Doing things in a manner that has never been optimal
In a previous article I have written about where operations management tools come up short. The fundamental analytical mistake they make is that there needs to be an evaluation of positive as well as negative inputs. What is meant by this is we need to understand normal operations, the positive, as well as abnormal operations, the negative. A metric is pretty much meaningless without context.
Many moons ago, TCP/IP was developed. In 1988, the year I graduated from Maties and more than a decade after TCP/IP, Simple Network Management Protocol (SNMP) was developed. Ever since, it has been the primary method by which networking infrastructure has been mined for metrics and it is the basis on which a multitude of Stupid Network Management Products have been flogged to the ever suffering network community. Some of these have been been unashamedly expensive, with some of those being nothing more than RAGs
Fundamentally a network error, outage or failure is never an event. A tool that is an event logging or “event management” system can also be added to our growing list of horror stories. The reason is that we need to view errors, outages and failures, not as singular events but processes consisting of multiple correlations that form a life cycle. The source of investigative knowledge with which we manage this life cycle consists of more than just network metrics or logged events. There are also attributes of people, processes as well as technology. The latter is typically the only one that is ever instrumented.
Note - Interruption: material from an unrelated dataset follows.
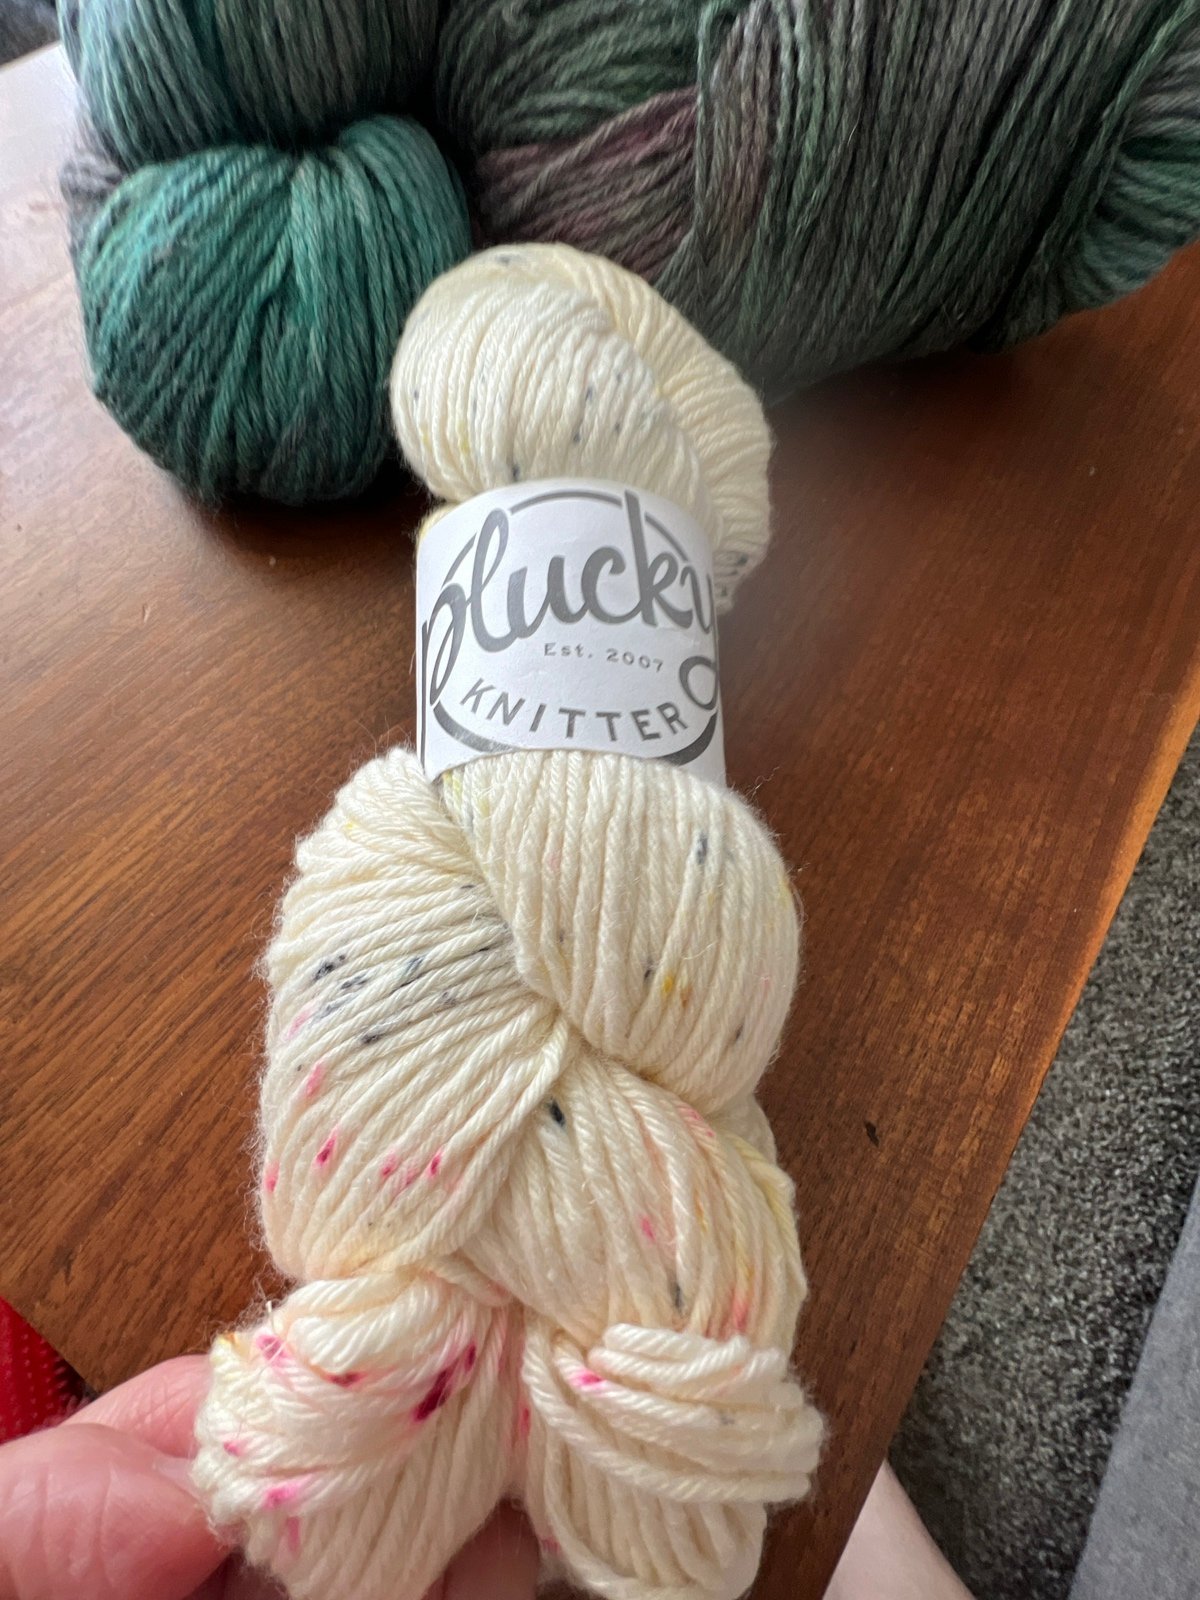 Plucky Knitter lodge worsted yarn r0de2N1QQ

Thus let us start at the beginning and analyze how we deal with network incidents. We need to learn how pilots do it by using checklists. Although Charles Lindbergh, who flew non-stop across the Atlantic in the Spirit of St Louis, did not use checklists, they came into extensive use by pilots during the time of WWII. Pilots have been doing what the network community should be doing and they have been doing it for the better part of a century. Nearly a decade ago, I developed a networking troubleshooting checklist. It takes a person through a number of checks to valid network operations, just like a pilot would do with his plane. The pilot would execute the checklist using the visual validation of his cockpit dashboard. In flying a network we would do the same but with a network dashboard. Unluckily, due to the functional design of most network dashboard instrumentation, these is some crucial instrumentation missing as previously mentioned.The methodologies encouraged by the use of checklists dramatically reduces the time to troubleshoot a network as well as direct attention to the required metrics.
Even after ten years, there still isn’t a Stupid Network Management product that can automatically provide instrumentation for each of the checks in my checklist in a seamless fashion. The aviation industry is a benchmark, and network operation centres (NOCs) the world over should be assimilating how we control the sky. In the NOC, we can start with simple aggregated views!